We met Giorgia Zanellato and Daniel Bortoto in their new studio in Treviso. Both graduates from ECAL talk to us about their influences, working experiences, challenges of contemporary Italian design and their own working philosophy.

Adam Štěch May 2016
How did you set up your own studio? What are the main challenges for a young design studio like yours in Italy? 

Daniel Bortotto: I was working for Adrien Rovero in Lausanne after the school. And moved back to Italy, because we wanted to make something together with Giorgia. The first project was Aqua Alta collection, presented at Salone Satellite in 2013.
Georgia Zanellato: There are many challenges. Italy is well known for furniture producers. The most important ones in the design world are still based in northern Italy. But problem for us is that they do not want to collaborate with young Italian designers so much.
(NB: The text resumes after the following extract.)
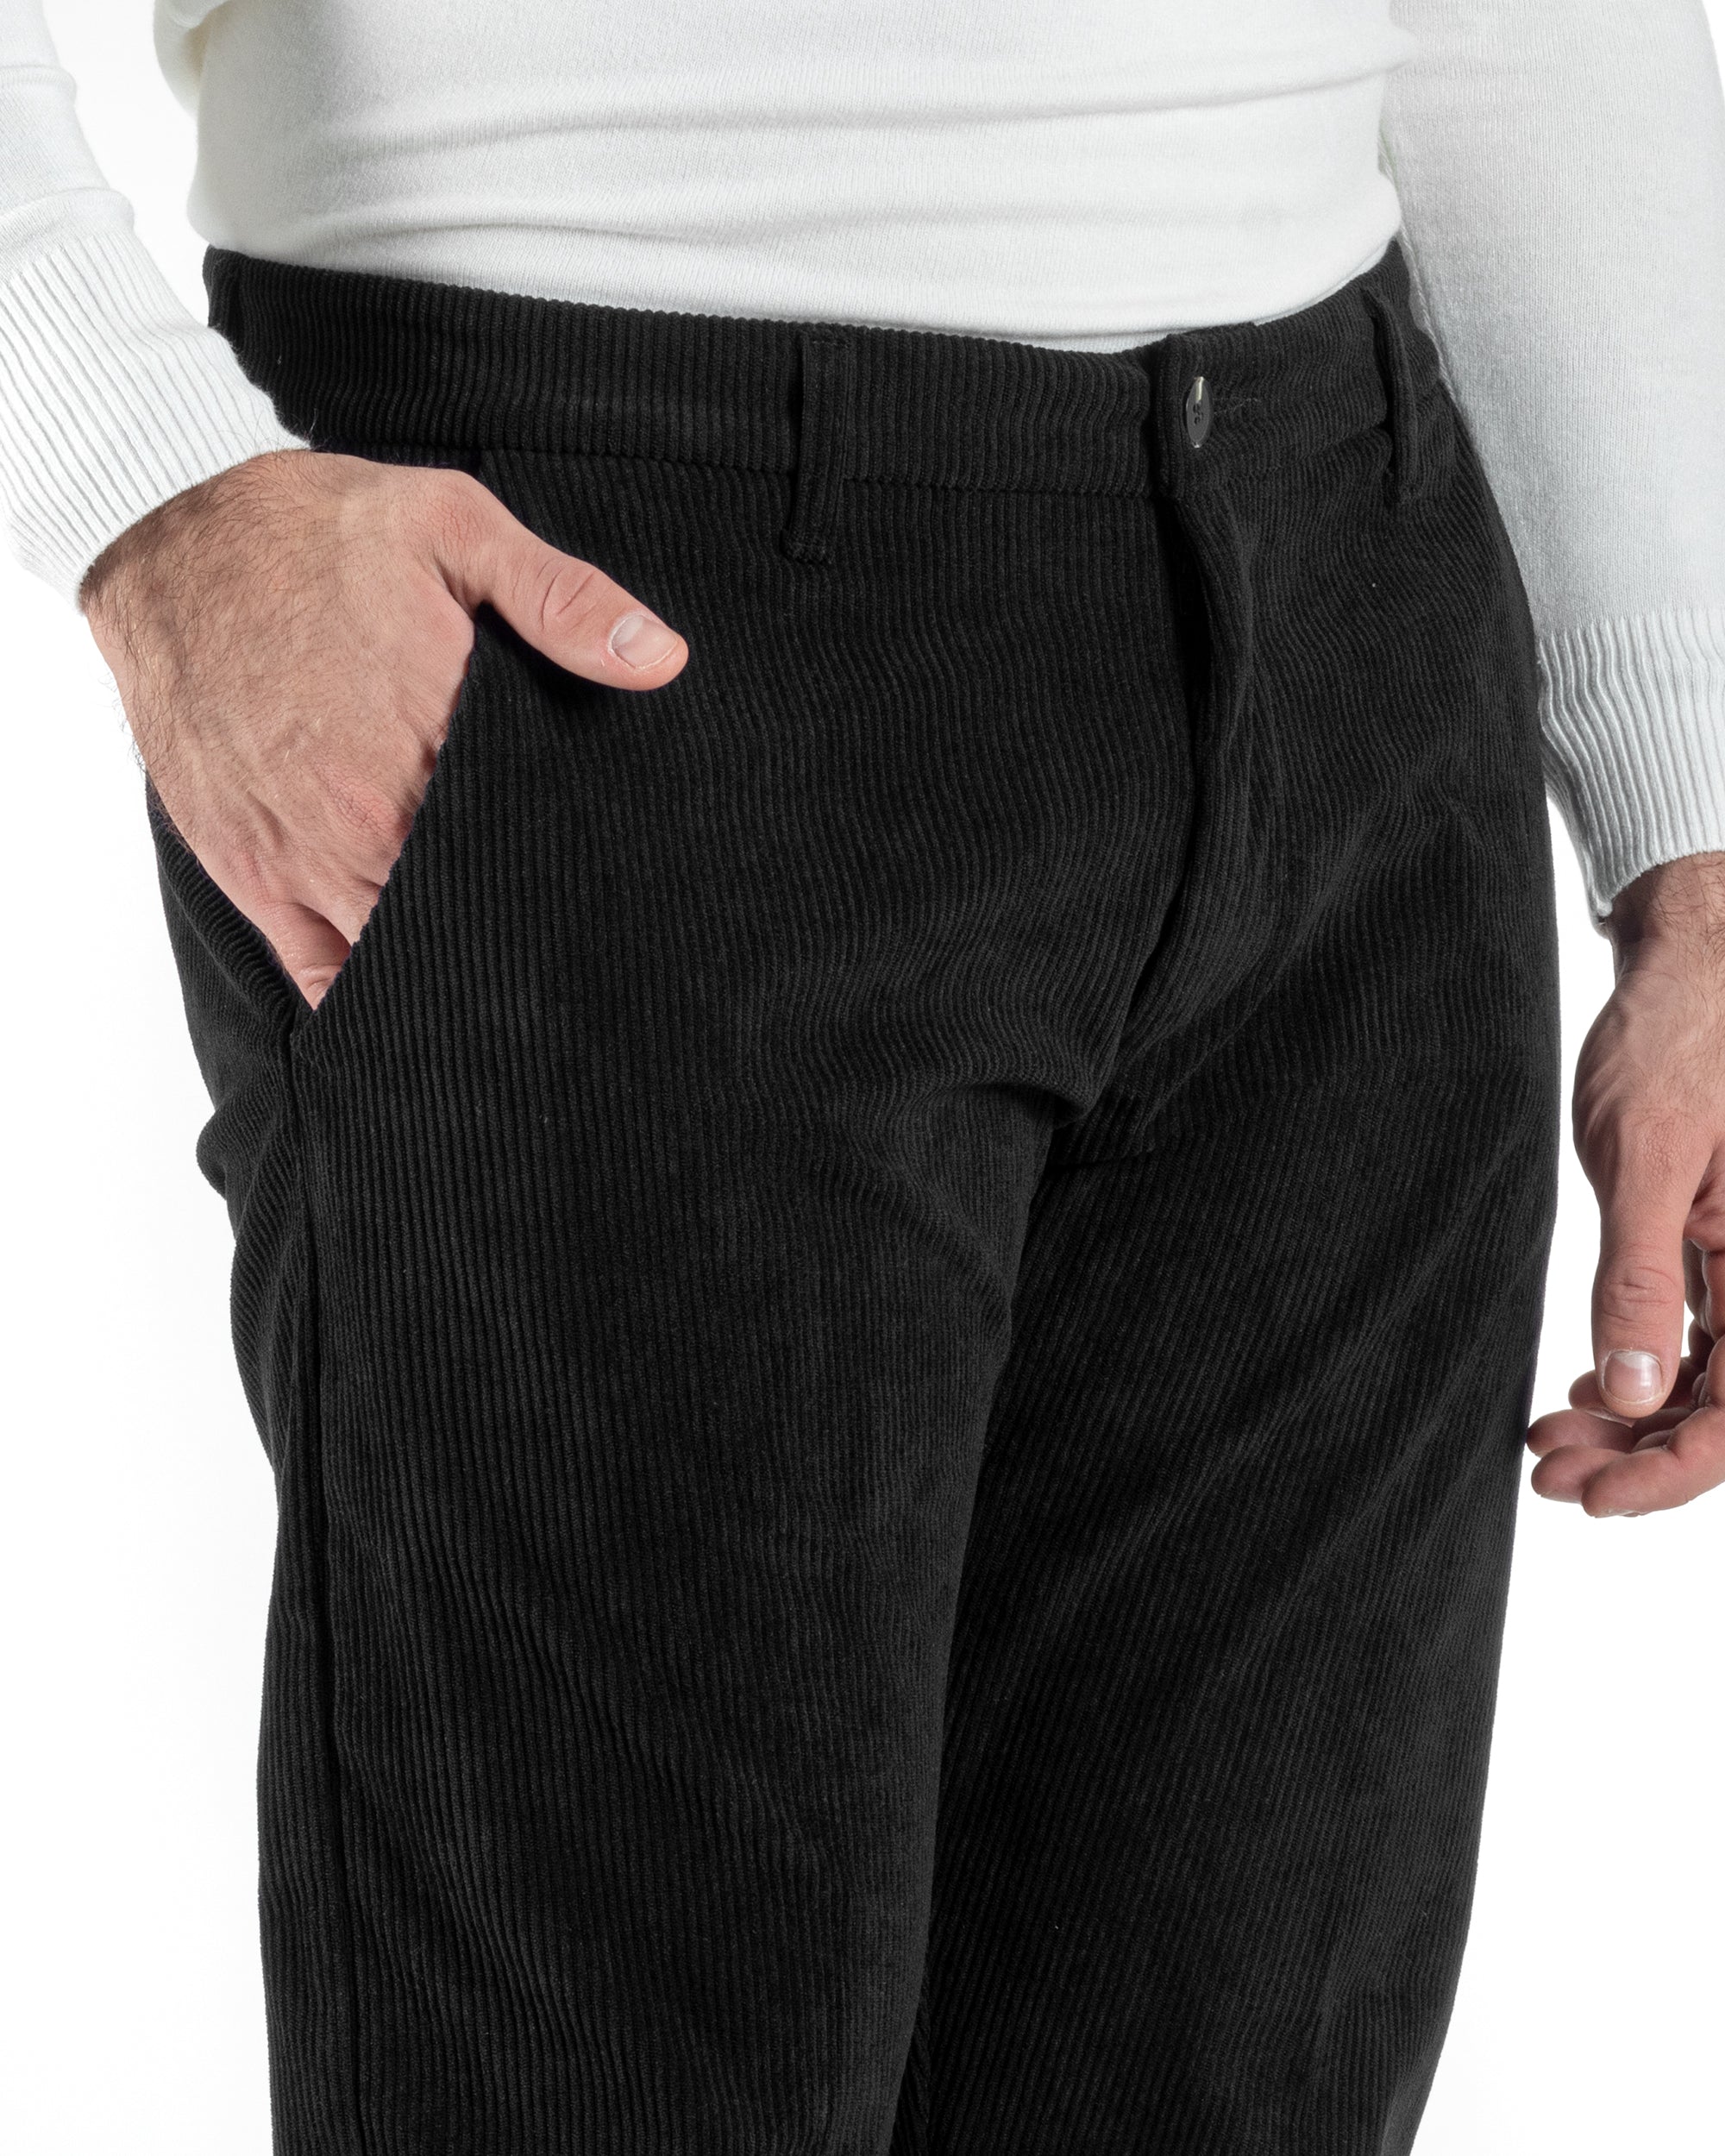 Pantaloni Uomo Tasca America Classico Velluto Costine Nero Casual GIOSAL-P6004A

We are not so attractive or exotic enough for them. And there are other challenges. In design world, everybody is a designer now. There is big concurrency. Anyway, the space is for many designers, but you have to choose right way to work, focus on something. That's why we work with the stories, based on our own traveling and places we visit.
Despite you said it is a problem for young Italian designers to collaborate with the Italian producers, you successfully started to collaborate with a such a heavyweight as Moroso is. How did it start? And how is it to collaborate with such a big furniture producer? 

Daniel Bortotto:  It was during Salone Satellite 2013 when we have exhibited our Aqua Alta collection of textiles and accessories. The collection was inspired by traditional flood in Venice, called Aqua Alta. And it composed of carpet, textiles and some objects translated the details of Venice and its sea erosion into the products. Patrizia Moroso, owner of the company, passed by our stand and she really liked the collection. And it was very nice meeting her, she was very friendly. After that we met her again during the summer in Udine, where Moroso is based and she had an idea to translate our textile to piece of furniture for the company. The outcome is La Serenissima seating collection paying homage to the rich cultural history of the city of Venice. Inspired by the sedimentations of the walls corroded by the water of Venice.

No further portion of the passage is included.